Task brief:
Before printing the listing, strip out its pictures and keep everything else exact.

Provided material:
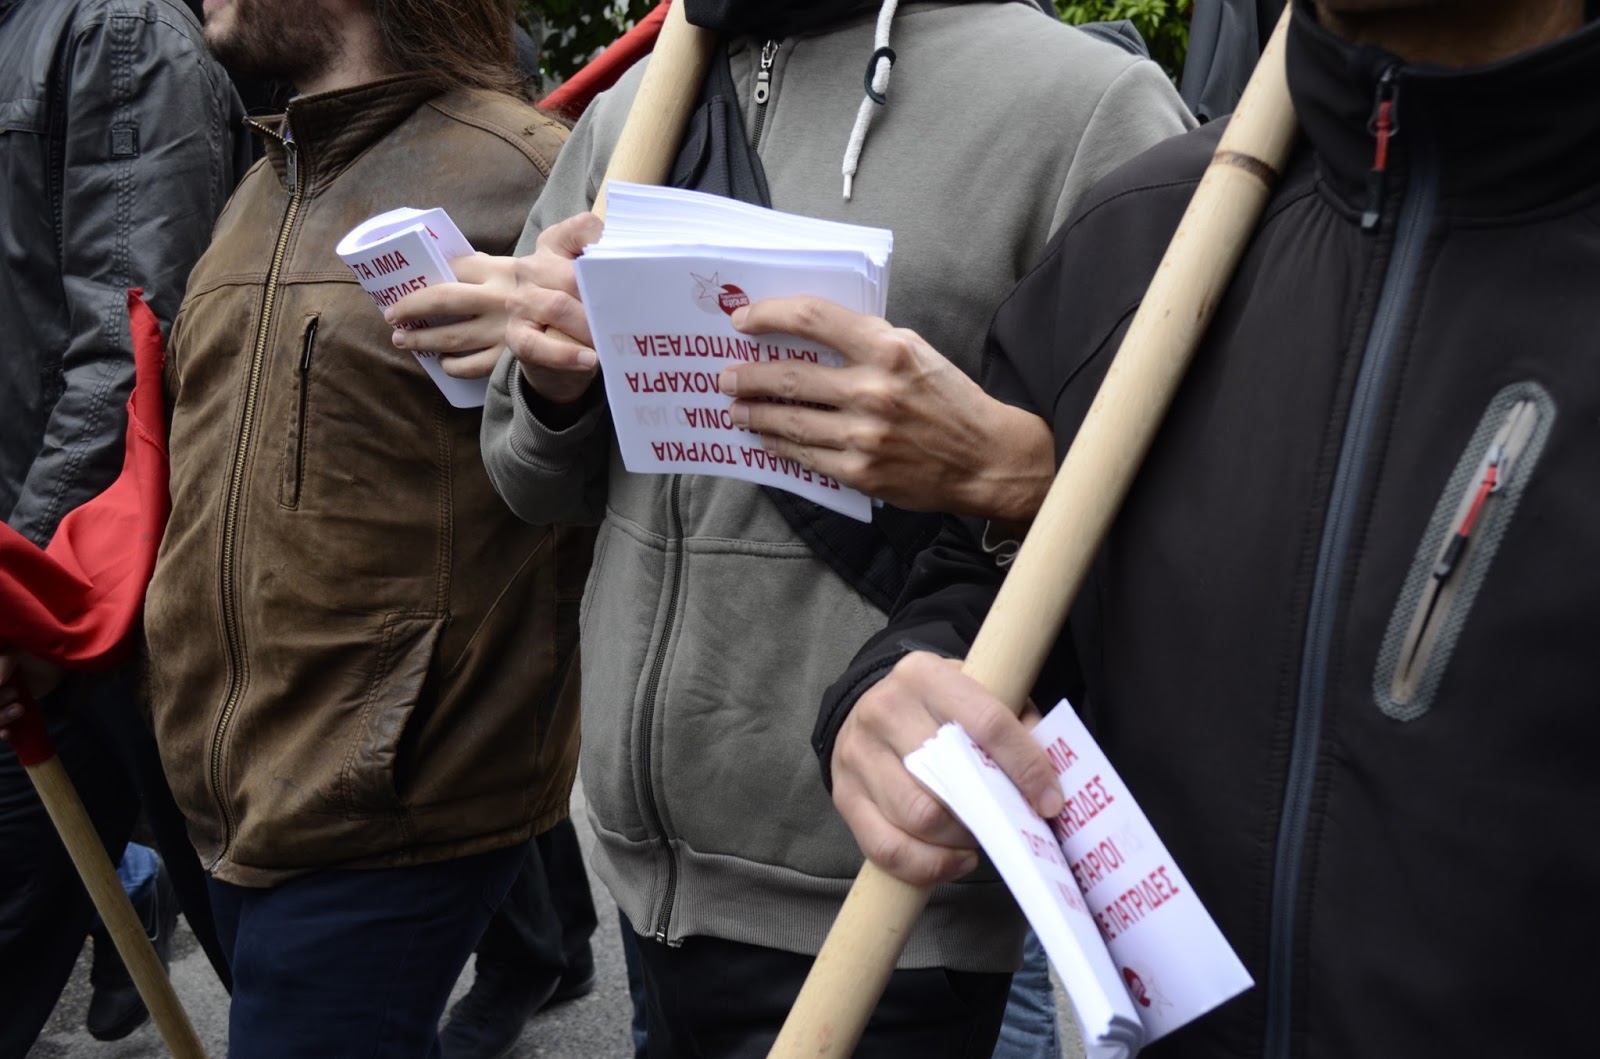 Οι εθνικές ιδέες γεννούν νεκροταφεία / Antifa διαδήλωση στόμα με στόμα από το antifa community / Κουκάκι
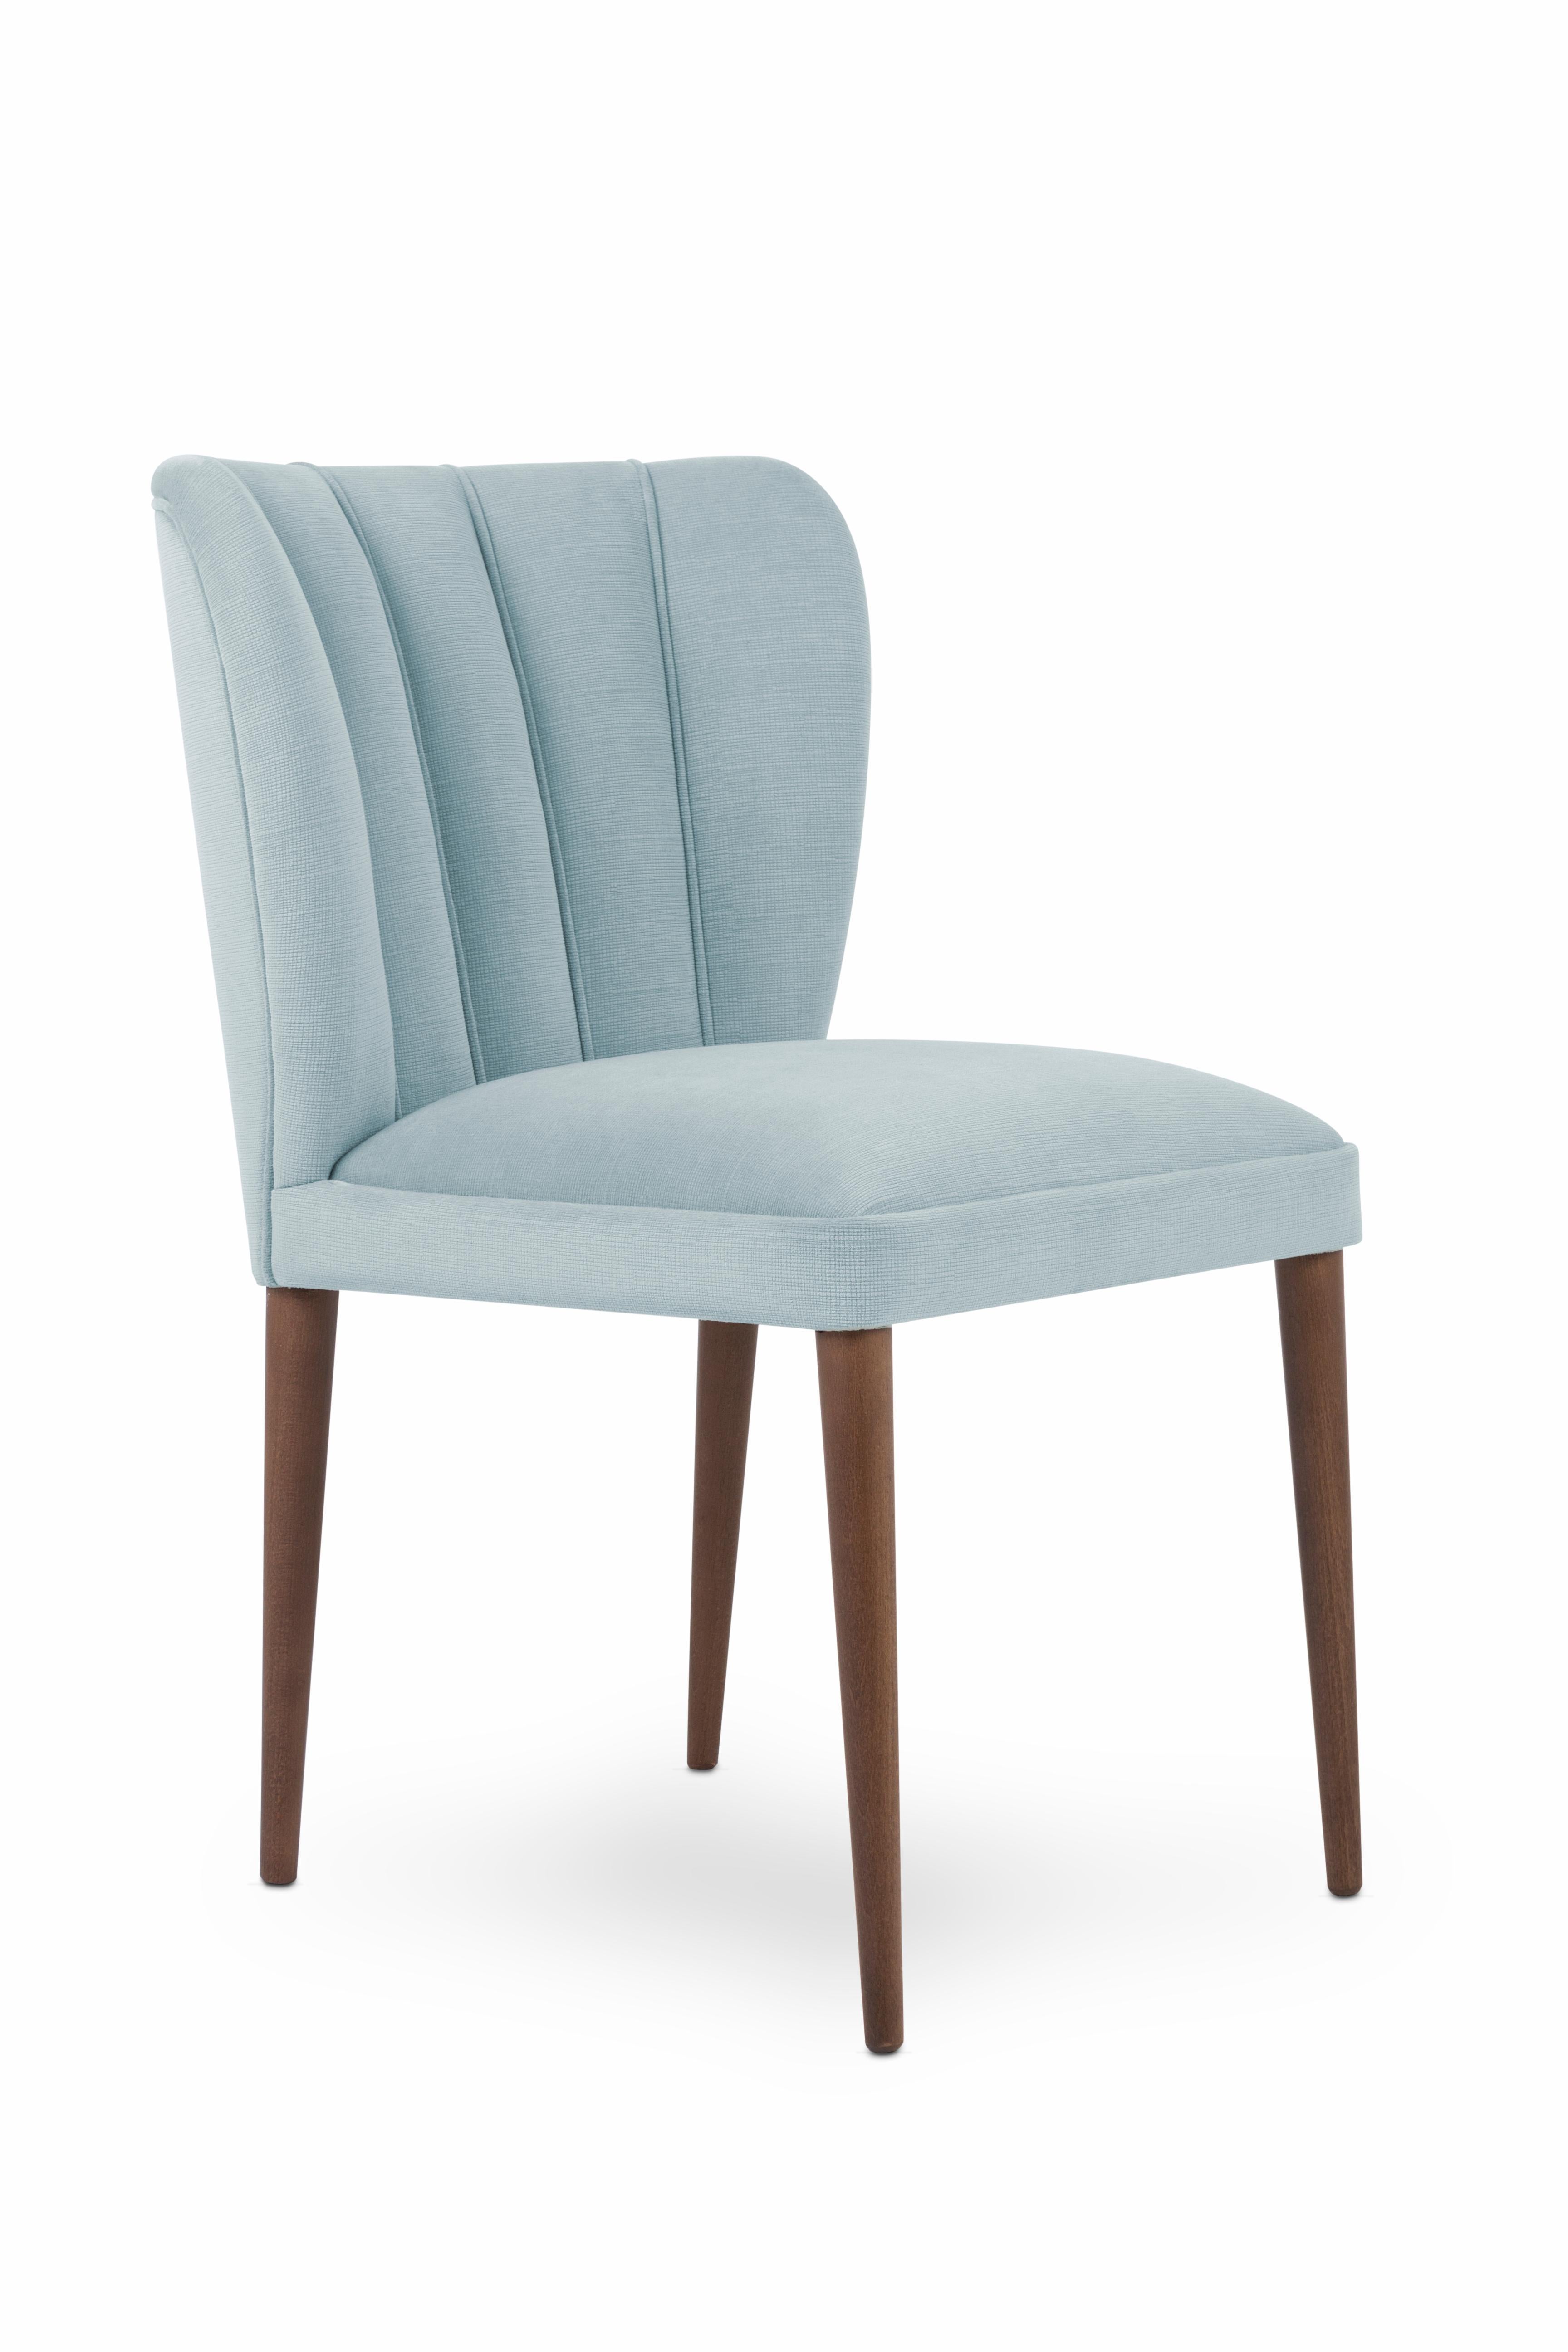 42kg Schaumstoff.

Mit seiner einzigartigen schalenförmigen Innenausstattung ist der Stuhl Agata die perfekte Kombination aus Komfort und Klasse!

Dieser zeitgenössische Stuhl mit Füßen aus Esche/Buche und gebeizter Oberfläche ist eine charmante

Completed task:
 Οι εθνικές ιδέες γεννούν νεκροταφεία / Antifa διαδήλωση στόμα με στόμα από το antifa community / Κουκάκι
 42kg Schaumstoff.

Mit seiner einzigartigen schalenförmigen Innenausstattung ist der Stuhl Agata die perfekte Kombination aus Komfort und Klasse!

Dieser zeitgenössische Stuhl mit Füßen aus Esche/Buche und gebeizter Oberfläche ist eine charmante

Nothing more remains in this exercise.